Across the country, there were sighs of relief last week as the Chancellor announced that the local housing allowance – housing benefits for tenants renting from private landlords – would rise in cash terms for the first time since 2020. This is a move that the Treasury says will benefit 1.6 million low-income households who will be around £800-a-year better off in 2024-25.

This provides vital and long-overdue support that directly impacts households at immediate risk of becoming homeless. Since the start of the pandemic, the average level of private rent is estimated to have risen by almost 13%, leading to around 4 in 10 (39%) renters finding it difficult to afford their rent payments. As a result, homelessness has been rising too. Prior to the Chancellor’s statement, the number of households in temporary accommodation was due to double in just 20 years. The costs of managing this have had such an overwhelming impact on statutory homelessness support services that local authorities are struggling to cope. Polly Neate, Chief Executive of Shelter, underlined the importance of the Chancellor's announcement last week in tackling these near-term challenges, saying that “unfreezing housing benefit to cover the bottom third of local rents is an essential lifeline to keep people in their homes”.

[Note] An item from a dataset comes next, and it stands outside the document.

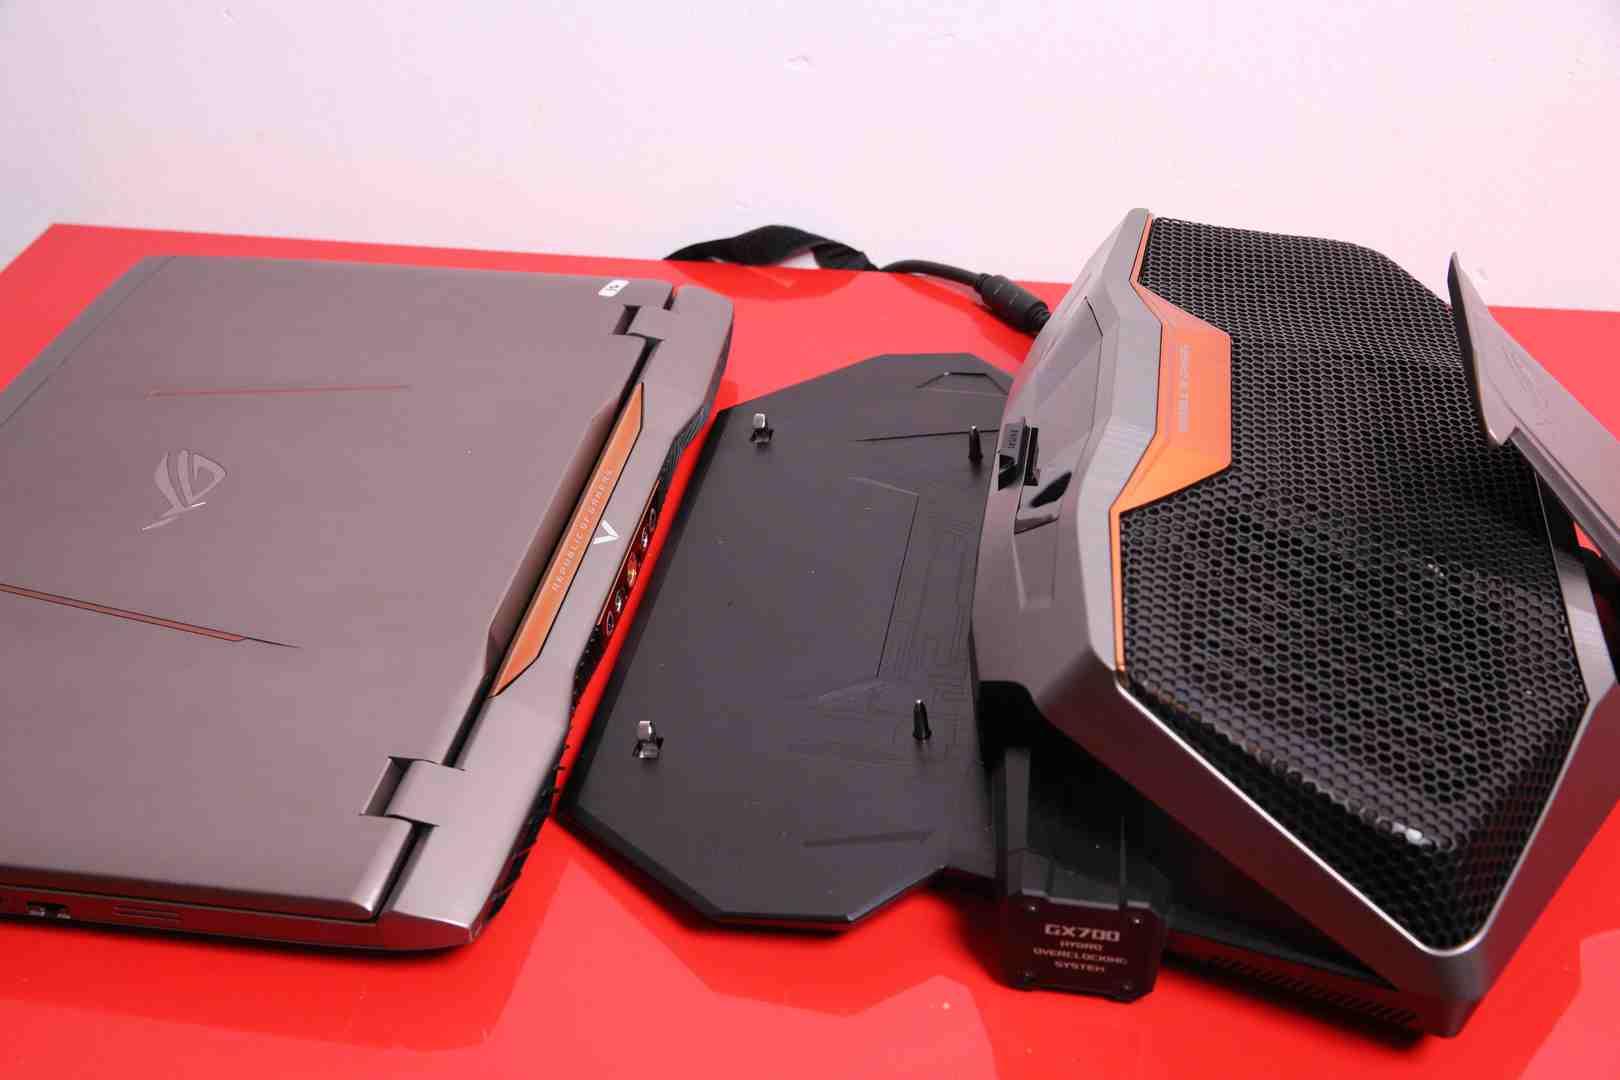 Dimensiunea relativa a laptop-ului si dock-ului ASUS GX700
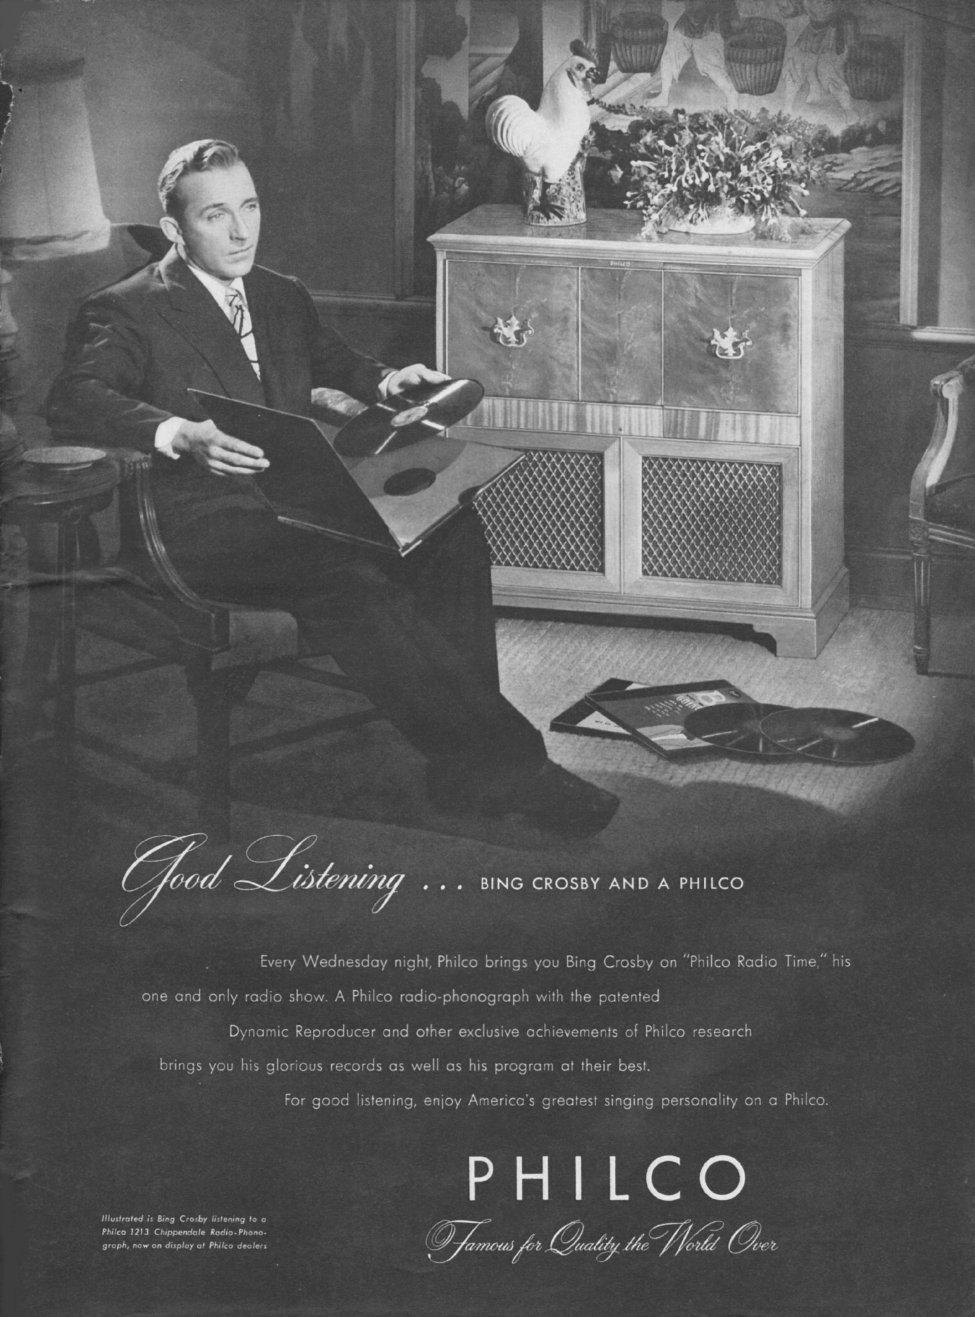 PHILCO RADIOS LIFE 11/25/1946 p. 1

However, there is a risk that this sense of relief will be relatively shortlived, as increases in housing benefit may be passed on to landlords in the form of higher rents. The nature of the housing market means that the supply of houses cannot change very quickly, and demand does not respond significantly to price changes because housing is essential. It therefore seems an economic inevitability that, over time, increased housing benefits will result in rising rents. To be clear, this does not require landlords to be rubbing their hands together waiting for the moment to snaffle their tenant’s extra housing benefit. It is more likely to emerge from thousands of uncoordinated decisions as the messy process of the market works through this additional funding – twentysomethings moving out of their parents’ homes because they can now afford to, tenants moving because they realise their budgets can now stretch to an additional bedroom for their growing families, landlords having more interest than expected in their empty properties, or rent reviews which identify that neighbouring properties are charging an extra £80 per month. 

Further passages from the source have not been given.